The Pten knockout model has been used to demonstrate the role of the tumor microenvironment, particularly interleukin-17 (IL-17), in the growth and progression of PCa [170,171]. To test how tumor suppressor Rb interacts with Pten, Bai et al. developed mice with double mutations in both the cyclin-dependent kinase (CDK) inhibitor p18Ink4c and Pten [172]. The double mutant mice develop a broader spectrum of prostate tumors in the anterior and dorsolateral lobes at an accelerated rate [172]. Loss of function of Nkx3.1 is crucial for PCa progression and has been associated with the development of prostatic epithelial hyperplasia, dysplasia, and PIN [30,67,173]. Nkx3.1 and Pten are shown to cooperate in prostate carcinogenesis in mice. Nkx3.1;Pten double mutant mice demonstrated an increased incidence of HGPIN, which resembles the early stages of human PCa [69].

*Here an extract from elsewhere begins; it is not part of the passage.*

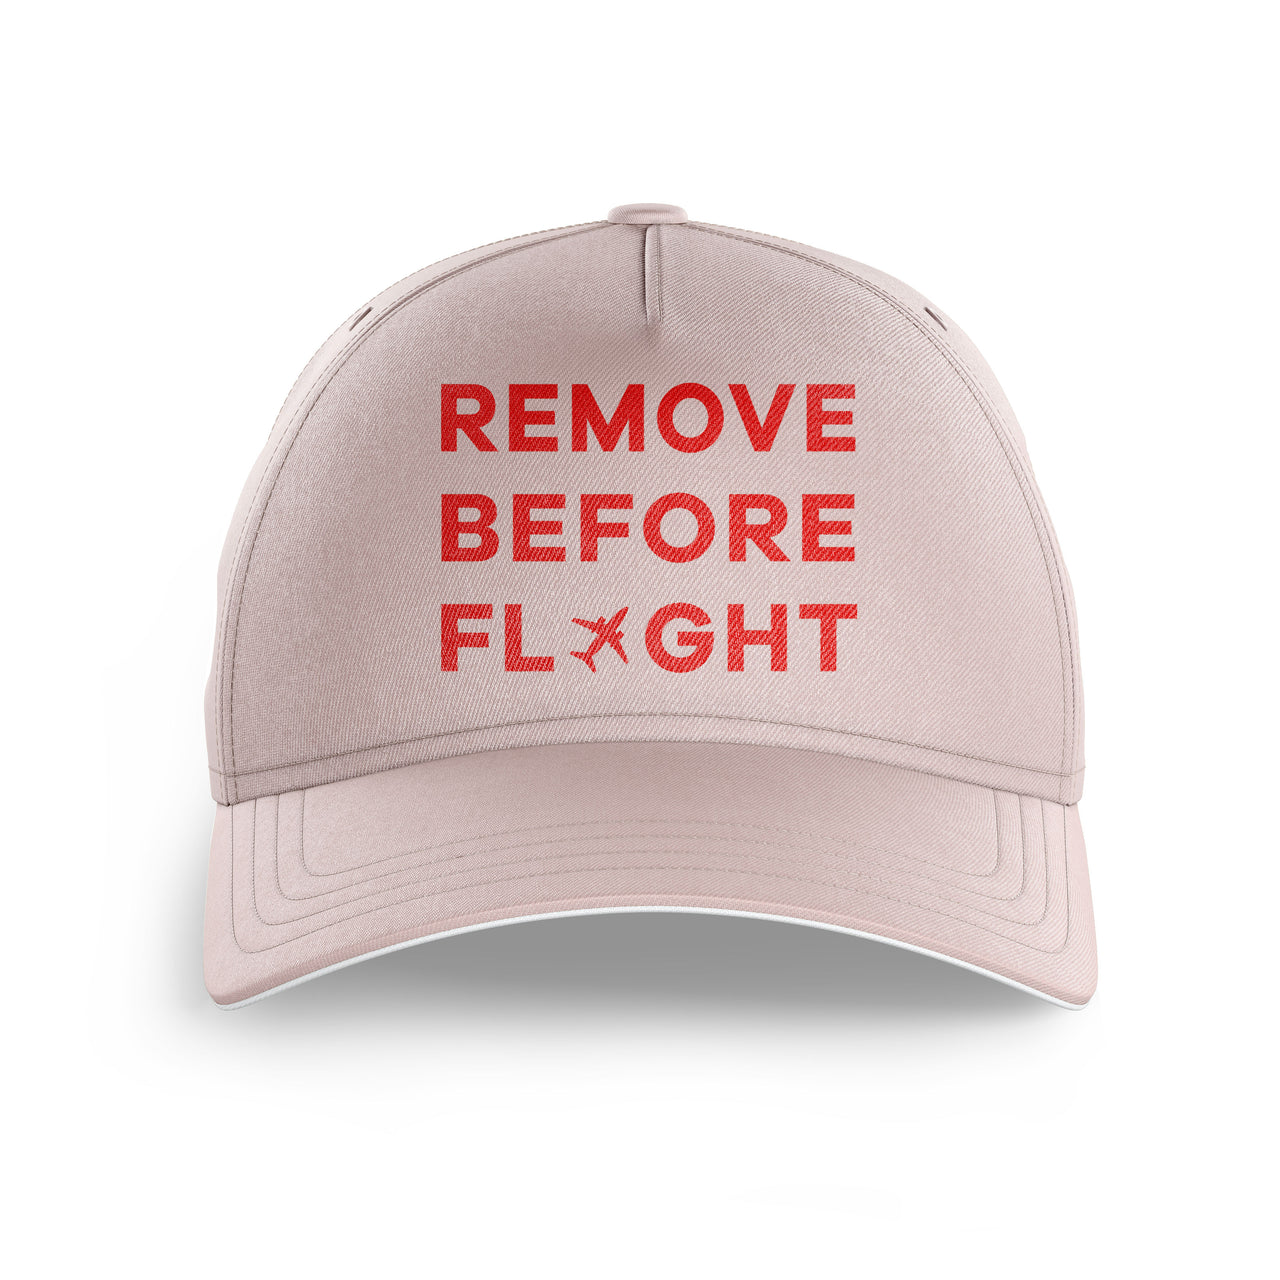 Remove Before Flight Printed Hats

3.2.4. Ptenpc−/−Smad4pc−/−

To examine a cooperative action of Pten and Smad4 loss in PCa pathogenesis, De Pinho lab developed mice having prostate-specific genetic ablation of Smad4 in Pten-null mice. These mice were highly aggressive and exhibited profound lymph node and pulmonary metastasis [45]. The importance of Smad4 in PCa was further revealed by the development of metastatic and lethal PCa with 100% penetrance in Smad4 and Pten double knockout mouse prostate [45]. Ptenpc−/−Smad4pc−/− has been used to analyze the efficacy of hypoxia-prodrug TH-302 and checkpoint blockade combination therapy. The combination of the hypoxia-prodrug and checkpoint blockade significantly extended the survival of Ptenpc-/-Smad4pc-/- mice [174]. Furthermore, Wang and colleagues utilized the Ptenpc−/−Smad4pc−/− mice model and identified that polymorphonuclear myeloid-derived suppressor cells (MDSCs) are one of the significant infiltrating immune cells in PCa and their depletion blocks PCa progression [175].

3.2.5. Hi/Lo-Myc

Two plasmids having a rat probasin (PB) promoter alone (PB-Mycfor lo-Myc) and PB coupled with a sequence of the ARR2 (ARR2PB for hi-Myc) were used to achieve prostate-specific overexpression of c-Myc. The ARR2PB promotor contained two additional androgen response elements that forced the development of invasive adenocarcinoma from prostatic intraepithelial neoplasia (mPIN) in about 26 weeks [27,176,177]. Hi-Myc mice also displayed a decreased expression of Nkx3.1 at both mRNA and protein levels [27]. The PB-Myc mice showed similar pathological changes, but a slower progression of 30 weeks (time to invasive PCa development from PIN lesions) [27]. The main differences between these two models are their androgen responsiveness. The Hi-Myc is androgen-responsive, while the Lo-myc model displays no such sensitivity [27]. The mice model generated by non-viral oncogene ARR2PB-Myc and PB-Myc develop invasive adenocarcinoma and offer advantages over those expressing SV40. However, they do not develop metastasis, which is a major drawback of this model. Hubbard et al. in 2016 showed that the combination of Myc overexpression and Pten loss in mice resulted in the development of lethal prostatic adenocarcinoma with distant metastases [29]. Moreover, homeobox protein Hox-B13 (HOXB13) was suggested to participate in the MYC activation and Pten loss genomic instability and aggressive prostate cancer [29,178].

3.2.6. MPAKT

The mouse prostate Akt (MPAKT) model is useful in studying the role of protein kinase B (Akt) in the transformation of prostate epithelial cells and in developing the biomarkers relevant to human PCa. This mouse model was developed by the introduction of Akt1 along with a myristoylation sequence (myr) and a hemagglutinin (HA) epitope in the form of the linearized rPb-myr-HA-Akt1. This insert was injected into the pronuclei of fertilized oocytes, and the friend leukemia virus B (FVB) mice founders were verified [179]. These mice exhibited the formation of PIN by 8 weeks. Immunohistochemistry analysis of the PIN lesions of MPAKT demonstrated numerous important findings such as Akt results in the activation of p70S6K and is associated with the development of PIN in MPAKT mice and Akt-induced PIN might be linked to neovascularization. Histological evaluation revealed that MPAKT mice had distinct phenotypic characteristics, including disorganized epithelial layers, loss of cell polarity, intraepithelial lumen formation, and nuclear atypia and apoptotic bodies. However, the MPAKT did not develop invasive carcinoma even after 78 weeks [180].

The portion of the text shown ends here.